Hi, @idazucchi, would it have to be related with an "is a" relationship, i.e., 'spatial transcriptomics' subclass of 'library preparation'? I don't know if that statement is accurate.

Would 'spatial transcriptomics' part of 'library preparation' work, assuming that axiom is true?

idazucchi commented 2 years ago

Hi @bvarner-ebi, The validation we do is based on SubclassOf so that is what we would need. I think that it also makes sense as a relationship since the spatial trascriptomics techniques are a kind of library preparation.

Is this possible? Could this be part of the next HCAO release or would it need more time?

ghost commented 2 years ago

Hi, @idazucchi, thanks for the reply.

Pursuant to the comments above and after getting some additional feedback from @dosumis, I don't think it makes logical sense to place 'spatial transcriptomics' under 'library preparation'. Based on the definitions, 'spatial transcriptomics' does not seem to be a subclass of 'library preparation', but rather 'library preparation' is part of 'spatial transcriptomics' (I initially had this reversed).

It may make sense to approach this by addressing "we are restricted to using terms under library preparation". Otherwise, it seems like we would have to model terms inaccurately to meet your use case, which can lead to additional downstream effects for anyone using EFO.

ESapenaVentura commented 2 years ago

@bvarner-ebi , I understand your concerns, but just to go back and check on what we want:

The suggestion @idazucchi made above was because we had an internal discussion about what would be the best way to implement this new term we used, but are happy to discuss alternatives.

Currently, I don't understand why moving that term under library preparation (https://ontology.archive.data.humancellatlas.org/ontologies/efo/terms?iri=http%3A%2F%2Fpurl.obolibrary.org%2Fobo%2FOBI_0000711) in the EFO slim of the HCAO would not be correct.
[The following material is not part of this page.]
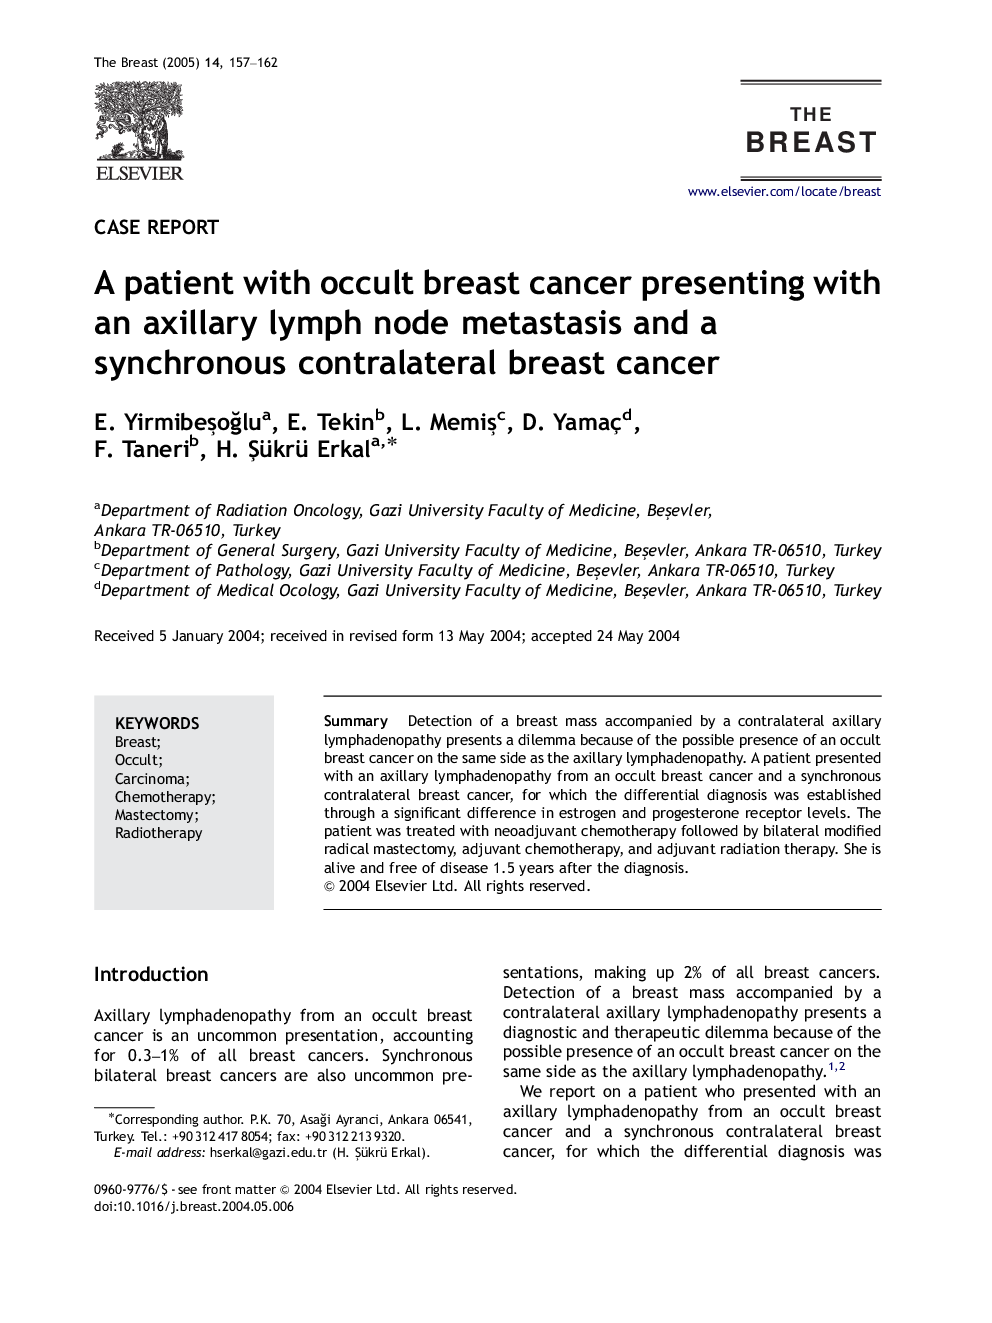 A patient with occult breast cancer presenting with an axillary lymph node metastasis and a synchronous contralateral breast cancer

We have several terms, including NanoString Digital Spatial profiling (https://ontology.archive.data.humancellatlas.org/ontologies/efo/terms?iri=http%3A%2F%2Fwww.ebi.ac.uk%2Fefo%2FEFO_0030029) that are direct childs of that term in that branch. Could you explain why it would not be ok to consider, e.g. spatial transcriptomics by high-throughput sequencing (https://ontology.archive.data.humancellatlas.org/ontologies/efo/terms?iri=http%3A%2F%2Fwww.ebi.ac.uk%2Fefo%2FEFO_0030005) as a term under library preparation?
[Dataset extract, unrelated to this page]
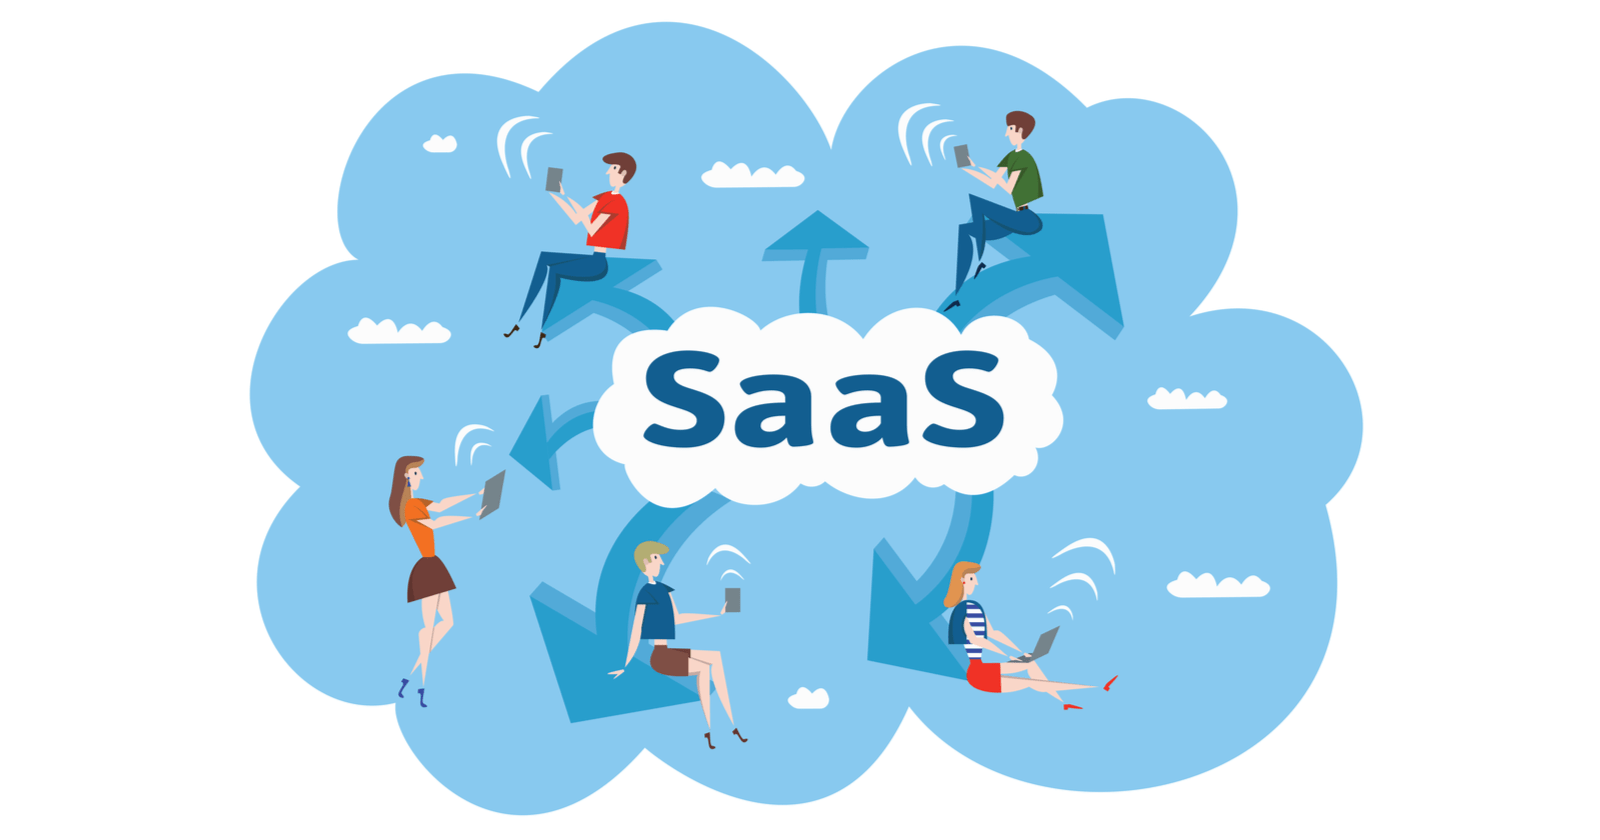 How to Build a SaaS Product Step by Step Guide?

And, if it really is incorrect, does that mean every term under library preparation that aludes to specific instances of each library preparation protocol (e.g. the NanoString one I mention above) be wrong?

(Also, it may be a case that spatial transcriptomics is too wide but spatial transcriptomics by high-throughput sequencing is not?)

Apologies for the long comment, I just want to make sure that we're coming across clear with our intentions and that we get the best possible outcome of this ticket!

ghost commented 2 years ago

Hi, @ESapenaVentura,

Thank you for the information. Hopefully we can come up with a working solution.

We have a dataset that used a non-general library preparation method, (non-visium). We want to describe the method for the library preparation protocol

This may be the point of confusion: my interpretation of the definition 'library preparation' is different than 'library preparation method' or 'library preparation protocol'.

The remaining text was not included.